* **Work order**: Please write out exactly the lines from the one with "MOVADO TRAVEL ALARM" through the end of the data below, both ends included, and omit any pictures.
Start of Supplied information
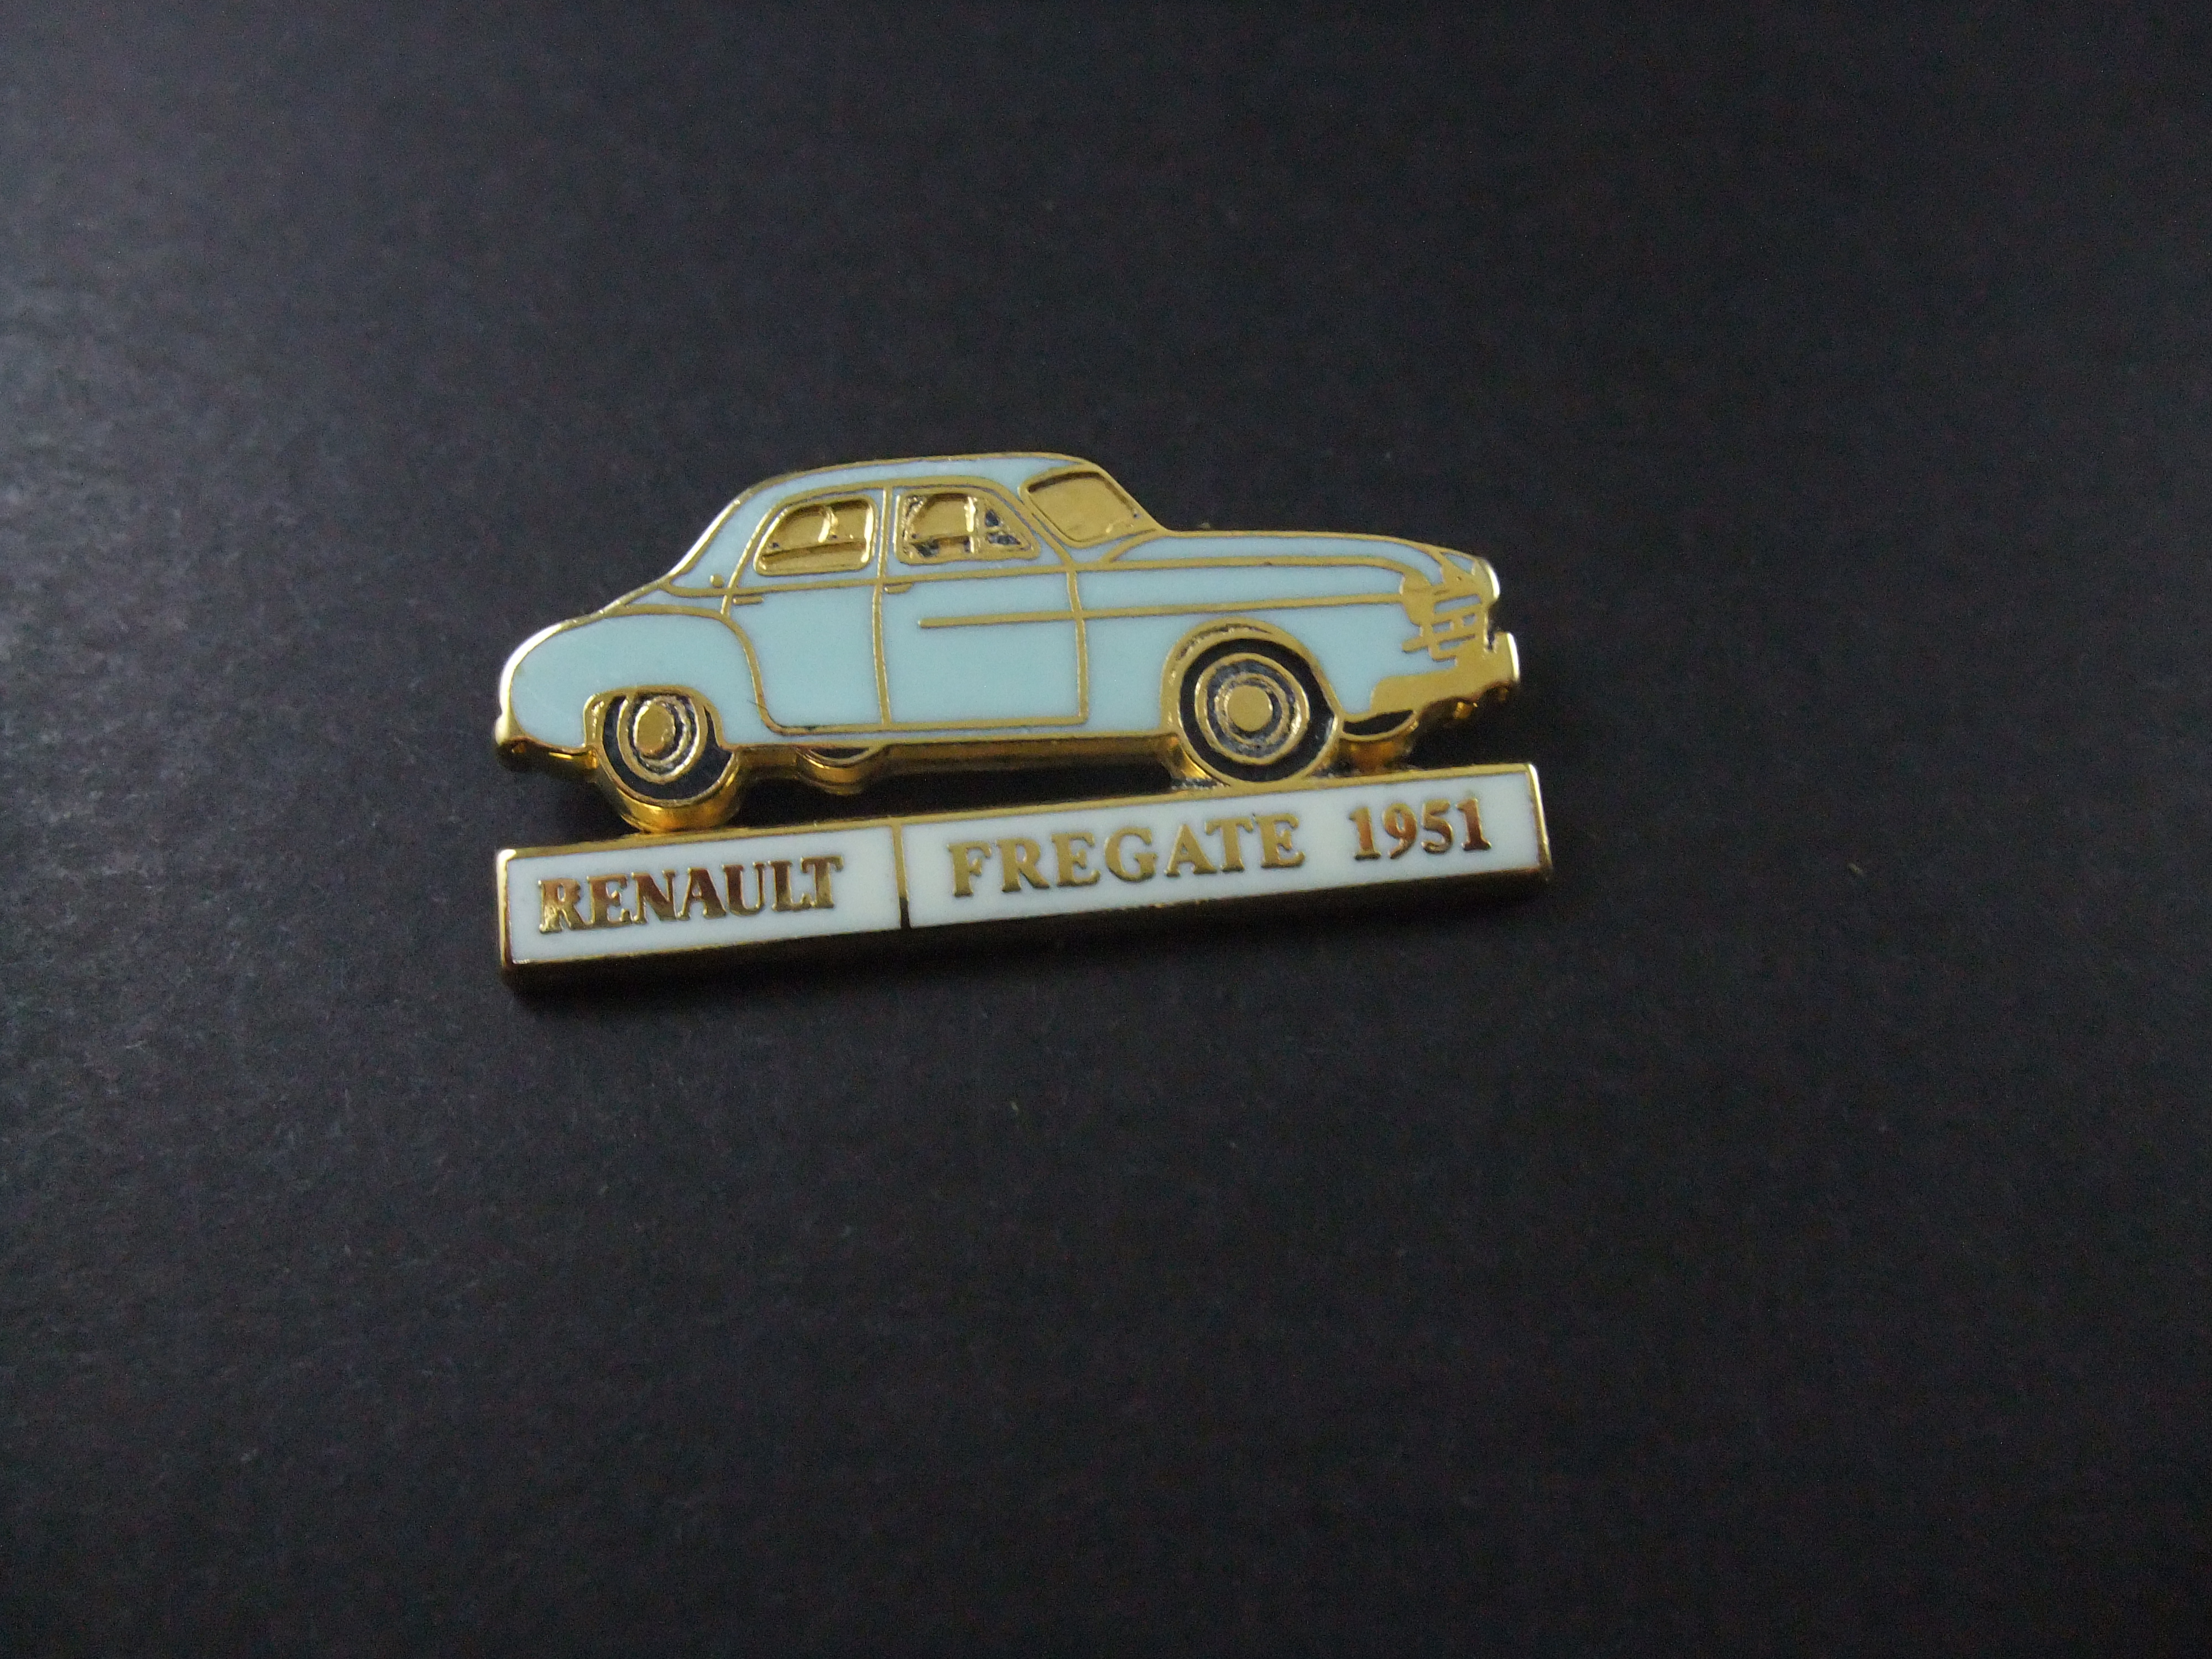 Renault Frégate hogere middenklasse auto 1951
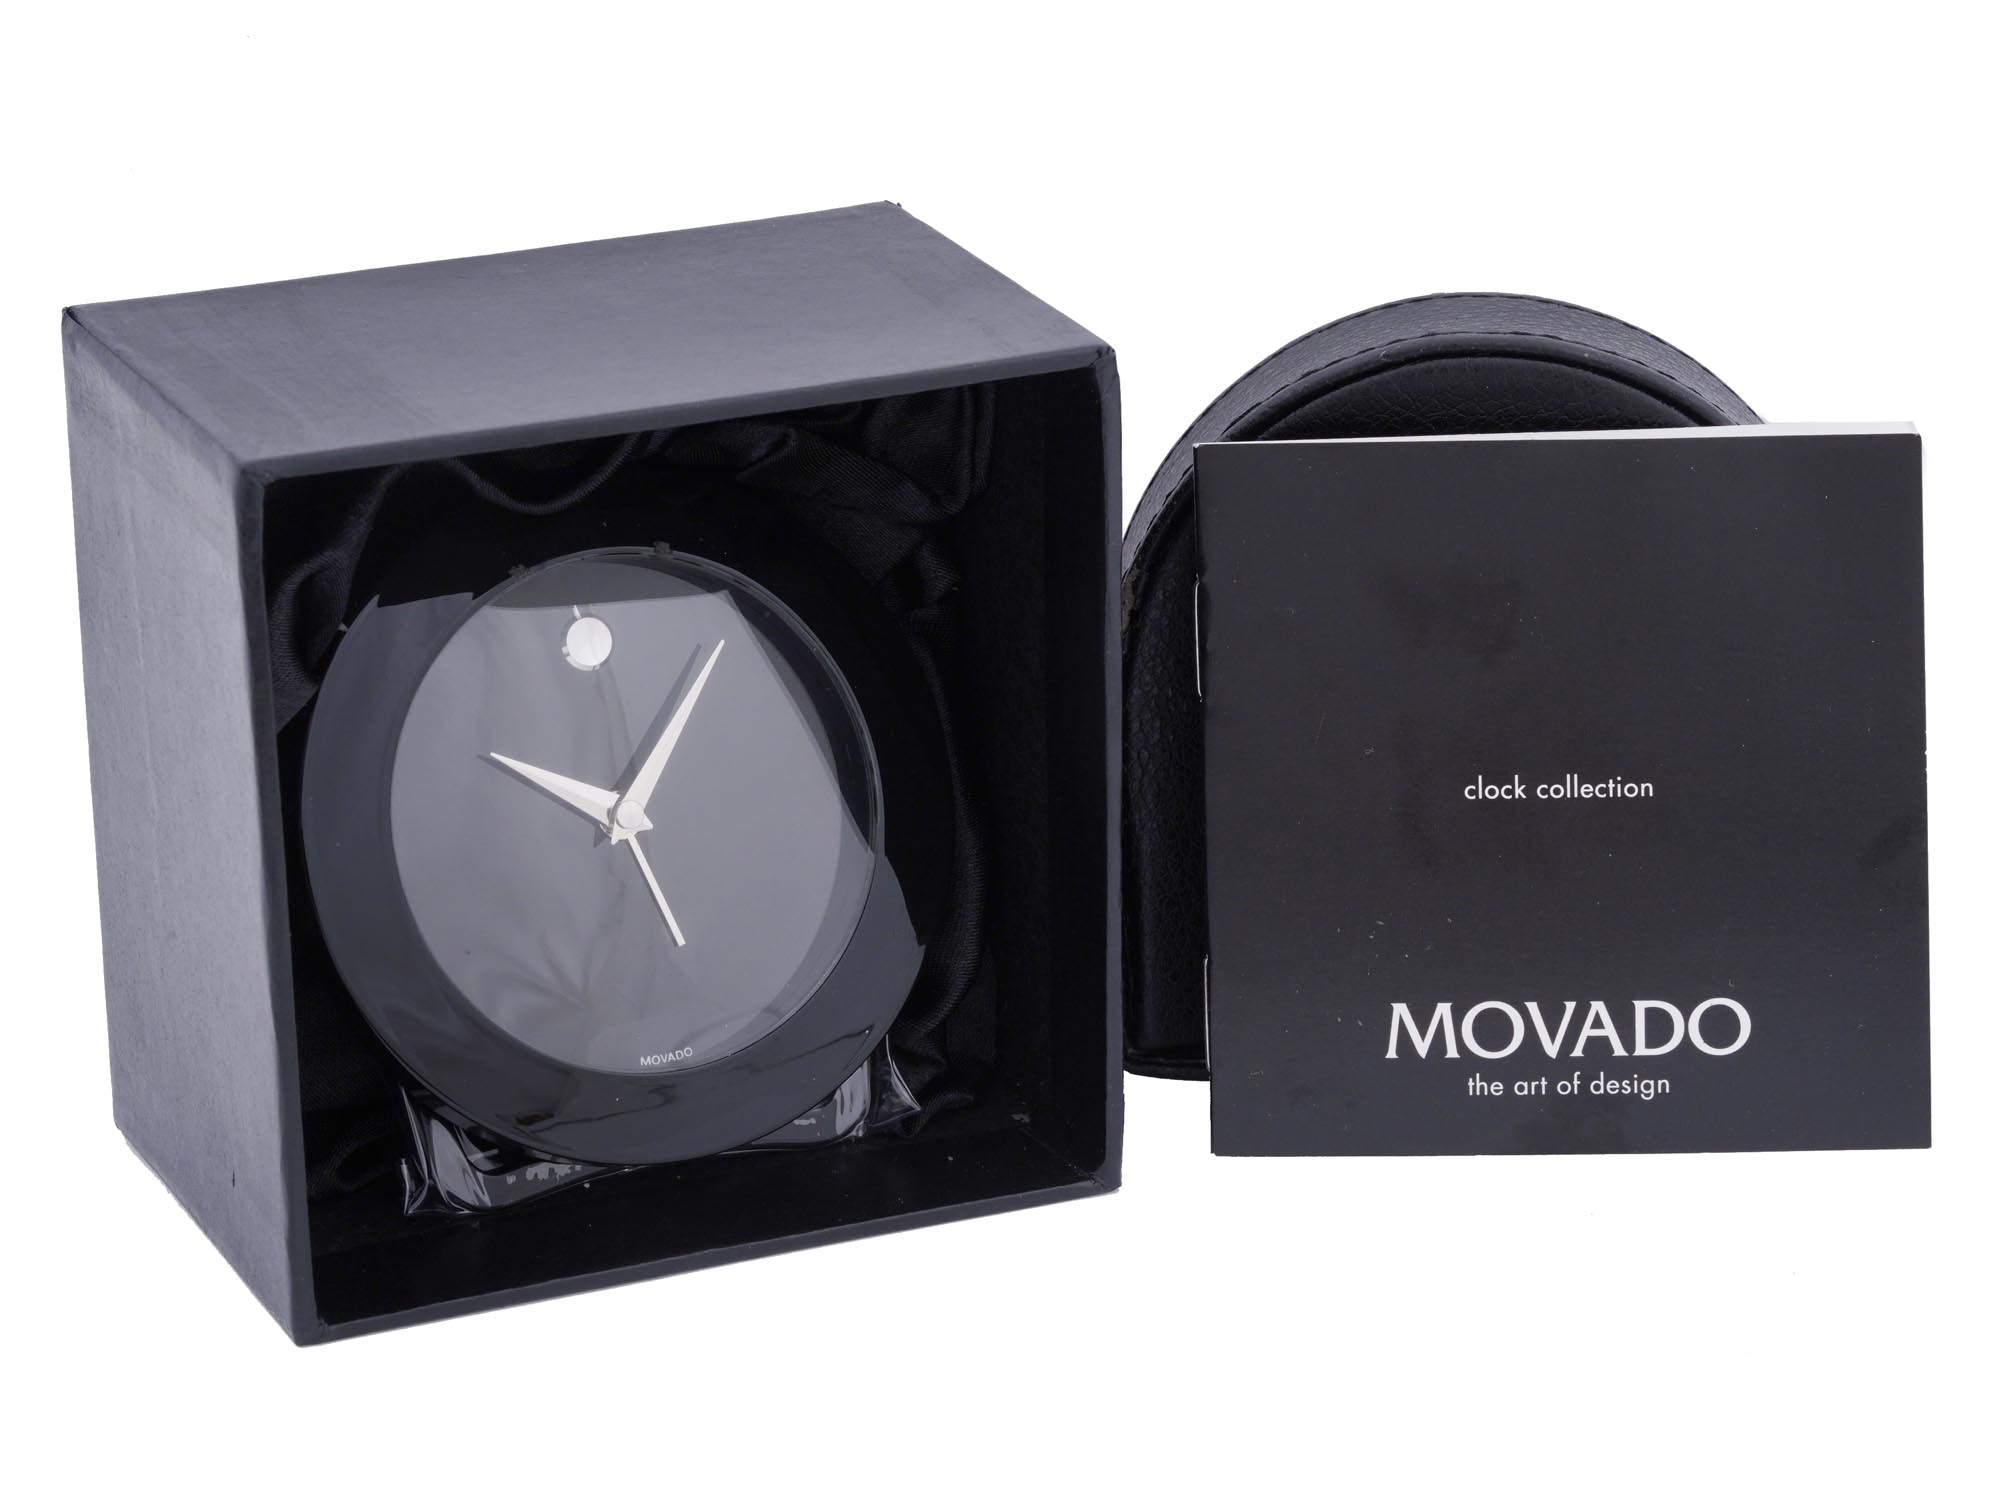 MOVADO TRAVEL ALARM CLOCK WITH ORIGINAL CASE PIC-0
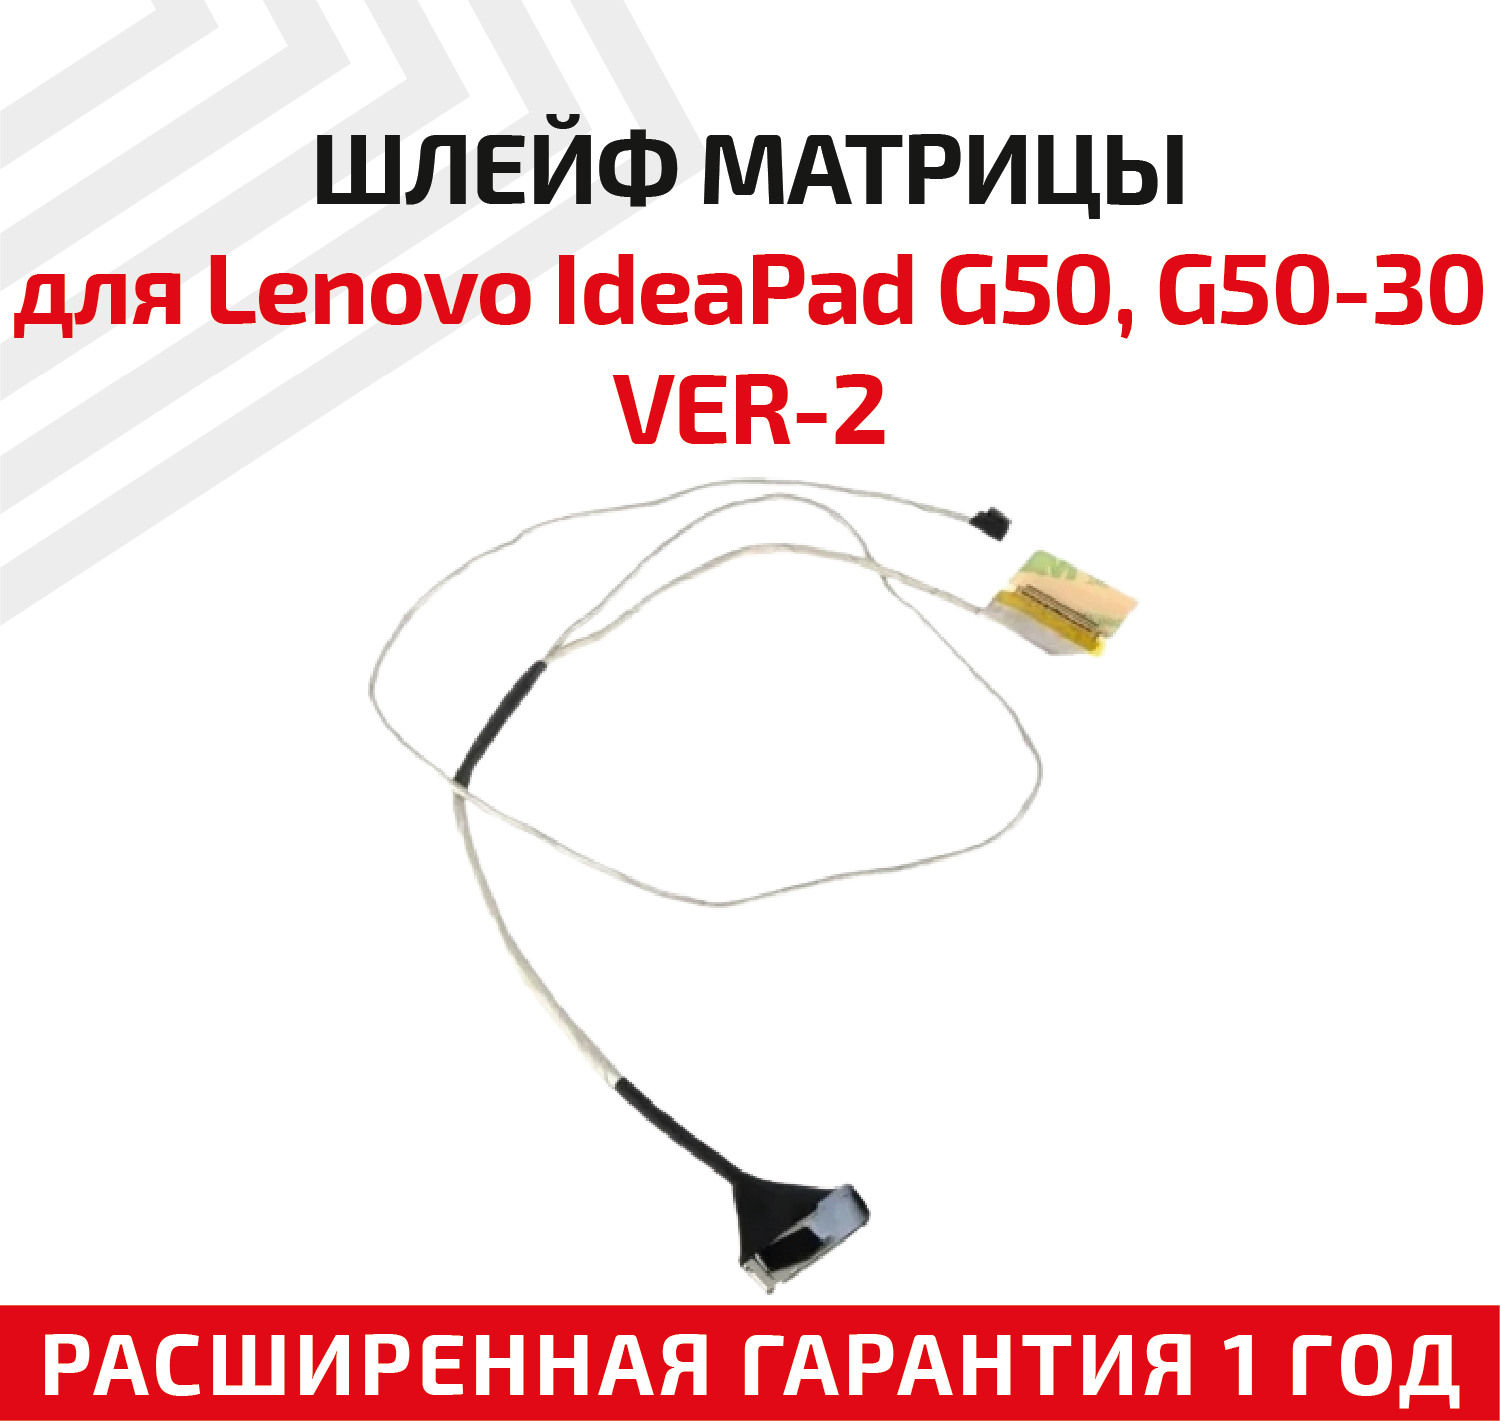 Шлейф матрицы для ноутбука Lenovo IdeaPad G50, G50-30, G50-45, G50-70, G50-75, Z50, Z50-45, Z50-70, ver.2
End of Supplied information
* **Answer box**:
 MOVADO TRAVEL ALARM CLOCK WITH ORIGINAL CASE PIC-0
 Шлейф матрицы для ноутбука Lenovo IdeaPad G50, G50-30, G50-45, G50-70, G50-75, Z50, Z50-45, Z50-70, ver.2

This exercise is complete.